By Bob Allen
The search for the next general secretary of American Baptist Churches USA is on hold, due to “breaches of confidentiality” in the search process, the denomination’s president announced June 28 at the denomination’s biennial mission summit in Kansas City, Kan.
Don Ng, pastor of First Chinese Baptist Church in San Francisco, acknowledged in a Sunday morning business session that many delegates were anticipating an announcement of a successor to General Secretary Roy Medley, who steps down Dec. 31 after 14 years.
Instead Ng read a statement announcing the ABCUSA Board of General Ministries voted during executive session Wednesday morning “to suspend the search process at this time.”
The search process “brought forth strong and qualified candidates, each of whom is uniquely gifted in ways worthy to be celebrated and honored,” the statement said, “Unfortunately, breaches of confidentiality have compromised the integrity of the search.”
As a result, the board plans to name an interim general secretary at its November 2015 meeting and “will discern when to resume the search process.”
“As you know, searches are personnel matters,” the statement said. “For this reason, further details will not be given nor questions taken.”
The decision comes nearly a year after the naming of a 12-member search committee after the Board of General Ministries elected Medley in June 2013 to a two-year term ending in 2015. That was after Medley served three of the typical four-year terms, taking office in 2002.
Effectively announcing his retirement, Medley said at the time he desired to serve another two years beyond the end of his current term to implement a “Transformed by the Spirit” initiative aimed at revitalizing congregations, regions and national bodies.
Key changes included reducing the size of the denomination’s General Board and shifting focus of the biennial meeting away from public statements to a small-group discussion format in which delegates pick from a wide variety of interests.
This year “Mission Summit Conversations” ranged from leadership issues such as combatting pastoral attrition to public witness issues including ministry to people with disabilities to future-oriented topics like “congregations without buildings.”

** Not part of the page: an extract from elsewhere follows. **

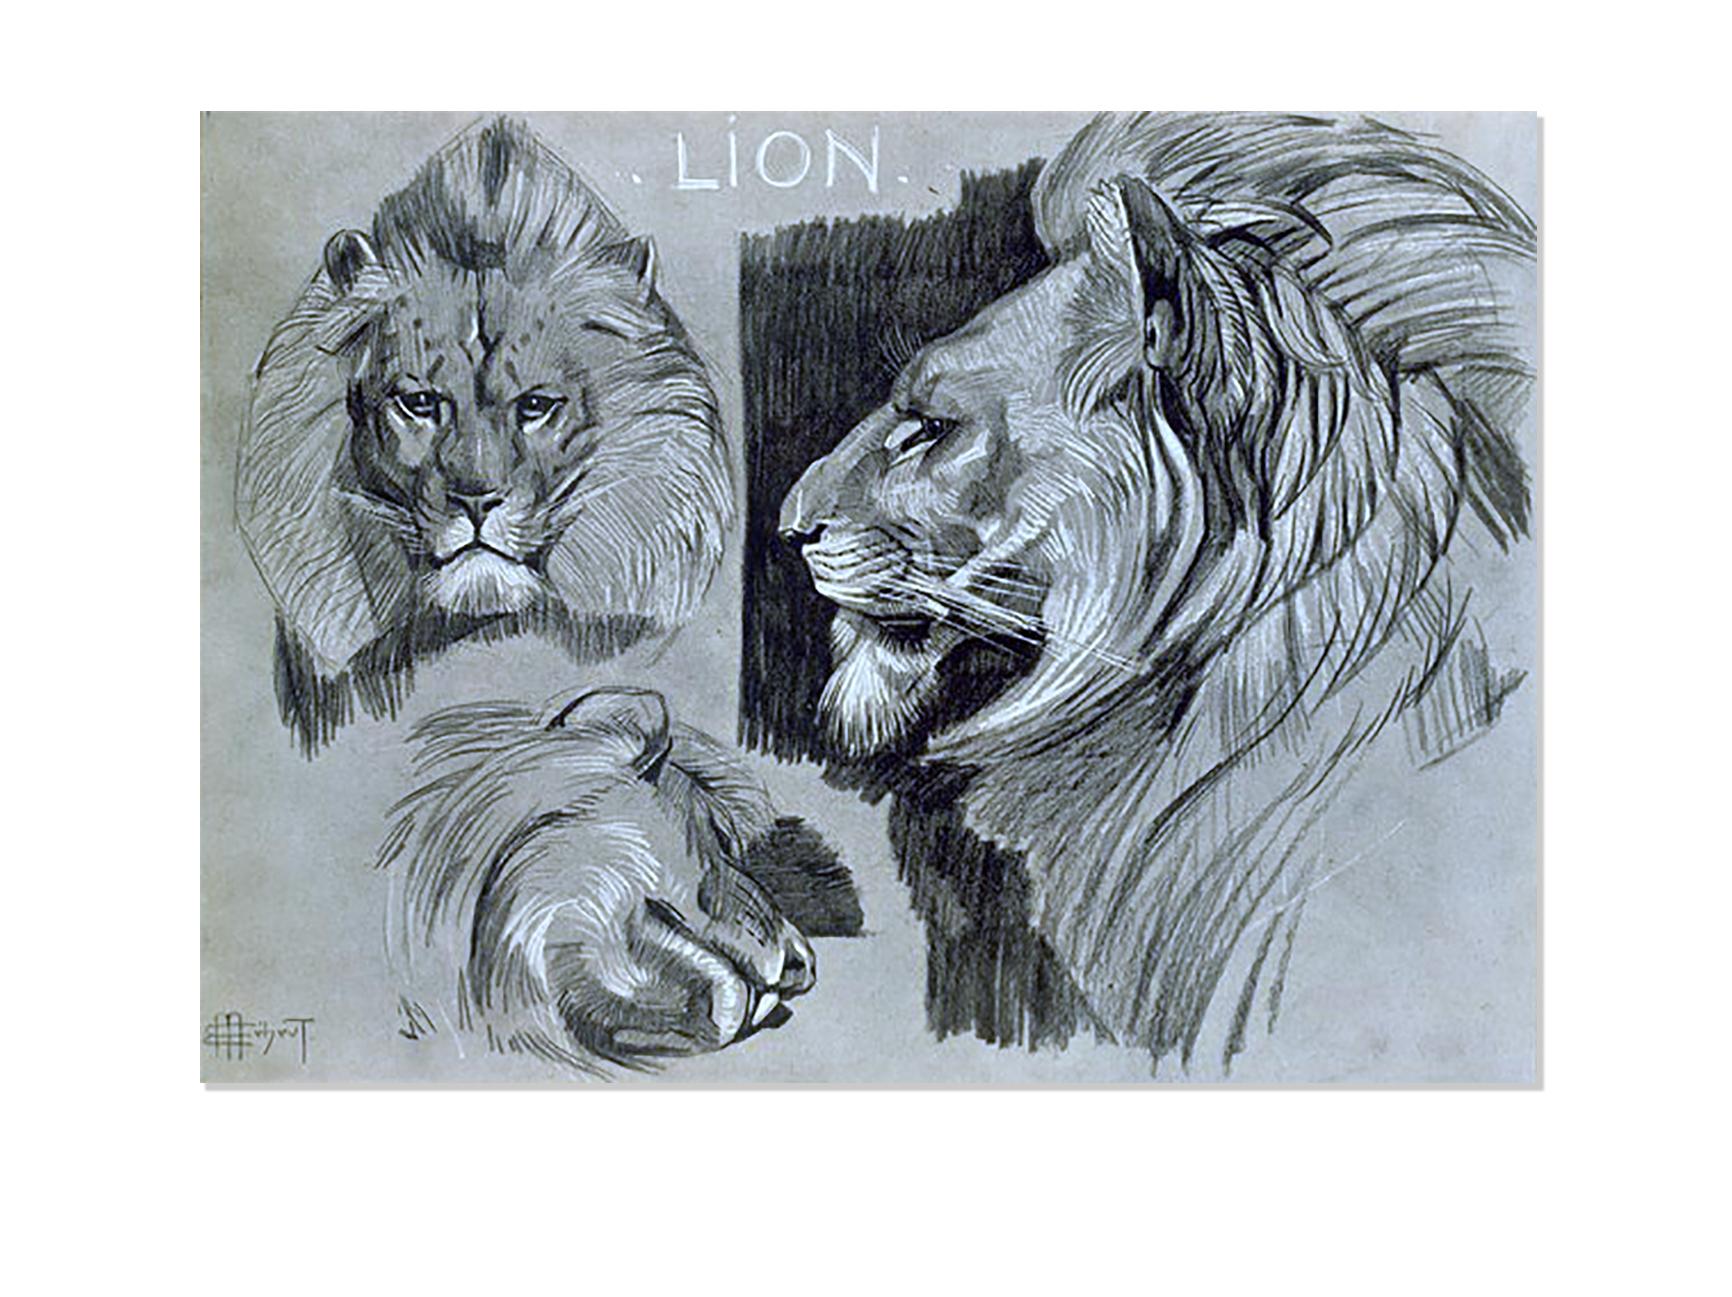 Lion - Études d'animaux, de Méheut, Mathurin, 1882-1958 (Artist) - The Digital Public Library of America-NYPL catalog ID (B-number): b13983745

Near the end of the business session Ng said many had spoken to him of their desire to issue some formal statement from the body as a whole regarding the Charleston shooting. Absent the old process for drafting a Statement of Concern during the biennial meeting, Ng assured the audience that leaders would be using every available avenue for policy statements and resolutions through the denomination’s governing boards to address the issue.